While I was in Amsterdam, the COVID guidelines changed the morning we landed at 5 a.m., and we had landed at 8 a.m. We were shocked when we came and couldn’t get into any restaurants, shops, or bathrooms. I can not say this enough. Do your research before you go to a different country. You really don’t want to get stuck in the cold in a brand new city, it’s not fun. 

Visit the small towns as well as larger towns. 

This goes for all of Europe. There are so many little treasures you can find when you just drive through the countryside or into a random town. In Belgium, Mons is a personal favorite of mine since my grandmother lives there, but there are other hidden gems in that country. Of course, places like Brussels are cool too. It really allows you to experience many different kinds of places in just one country. 

Definitely learn some of the language.

Whatever country you are visiting, make sure to learn the basics. “Hello,” how to order something, “Thank you,” and “Please” should be at the top of your list. These are easy phrases that will help a lot with communication. Most people there understand English, but there are always people who may not understand. Especially in smaller towns, English is not as widely spoken. To avoid awkward conflict, try and learn basic parts of their language. Plus, they will appreciate that you are at least trying instead of just expecting them to understand you in English. You are a guest in their country, be a good one.

Pick your hotel well.

This of course goes for all other cities, but in Luxembourg especially, being close to the city center is going to be best for your trip. It will allow you to do so much more during your day, and it is a lot more convenient if you want to take a break in the middle of the day at the hotel. But wherever you’re staying, if you want the most out of your visit to that town, I would recommend getting a hotel that is close to stuff. It might be hard, and some hotels look kind of sketchy from the outside, but there were some pretty nice hotels in buildings I thought were going to be scary to stay in. Get Airbnb or rent a place while you are in town. 

Watch out for cars and bikes.

I am not kidding when I tell you bikes and cars really do not stop there for pedestrians. I almost got hit by a car and two bikes while I was there. If it is not a pedestrian’s turn to walk, the cars and bikes will go. Make sure you look left, look right, and left again unless you want to get hit. 

Do not book any kinds of tours or a lot to do. 

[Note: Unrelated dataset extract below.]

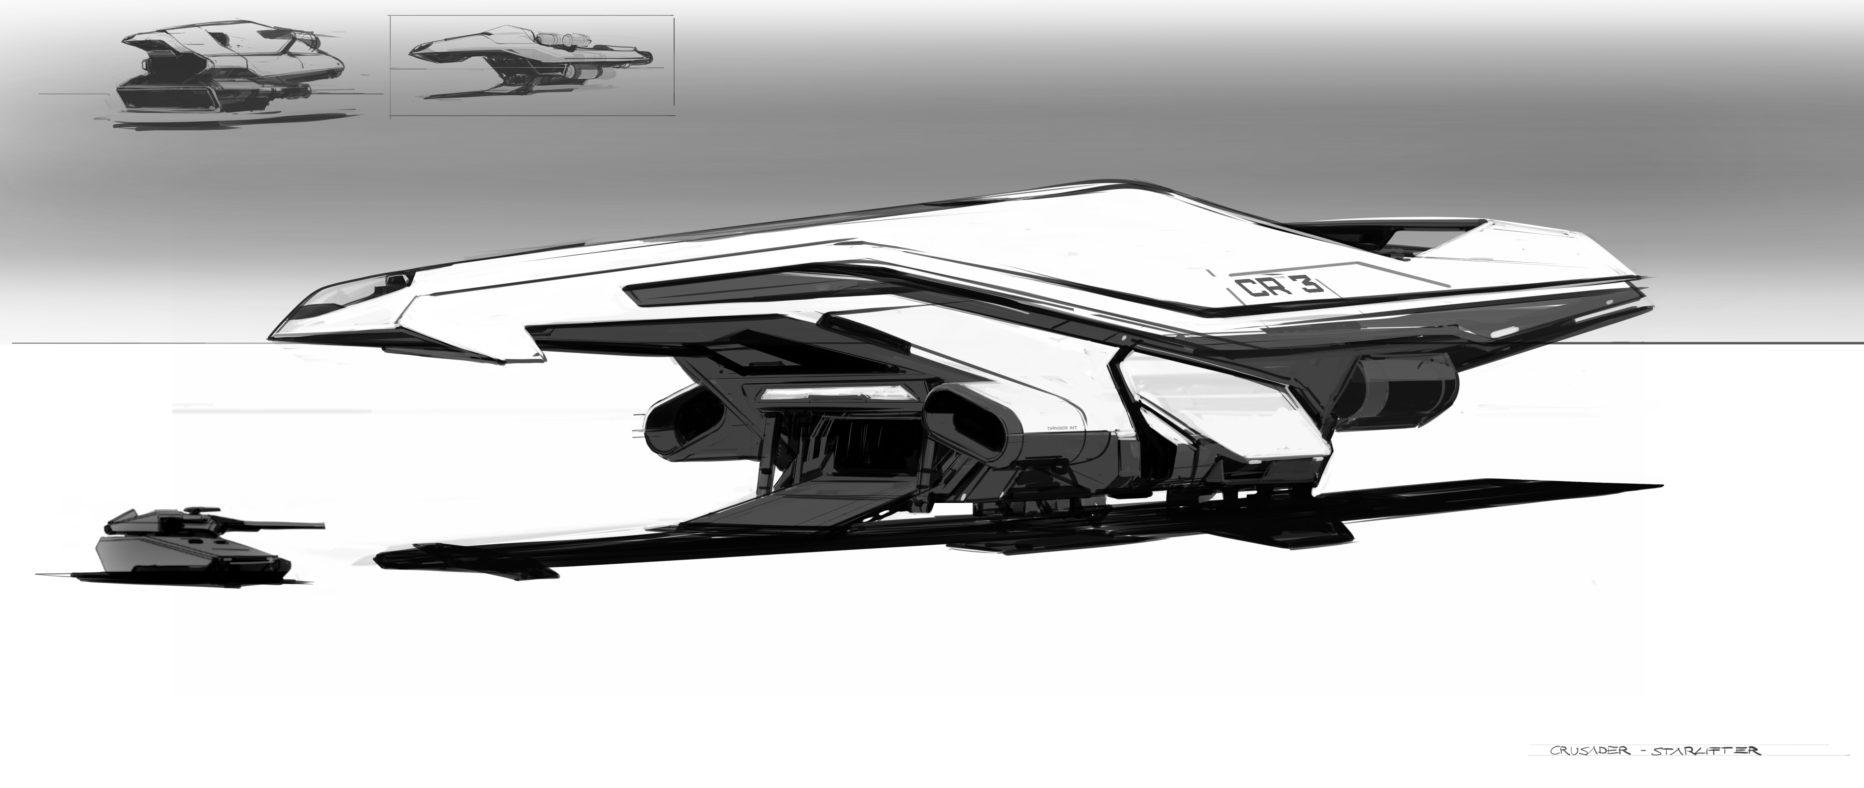 SC-Hercules-Concept-Art-12.jpg

The best part of Europe is just walking around. You can find little gems, cute shops just walking down a backroad. Walk everywhere. No one uses cars anyways. Most people in big towns, and especially little towns, will either walk or bike. And if you walk, DO NOT JAYWALK! No one in Europe does it, and it is a pretty big deal. No one walks prematurely when waiting at a crosswalk, no one crosses without a crosswalk. Also, do not walk with your phone and google maps out. If you are looking for something, look at the map once and try to find your way. You’re on a trip, adventure a little. When you walk around with your phone out, you look like a tourist. Or you will miss something really cool. Or you’ll bump into someone or something. That would be very embarrassing. Europe has very beautiful countries, with so much interesting history. While on your trip, just take some time to explore. Trust me, it is the best way to travel in Europe.


Europe is a beautiful place no matter where you are. Make sure that you are staying safe and enjoying your trip as much as you can, Happy spring break travels to all.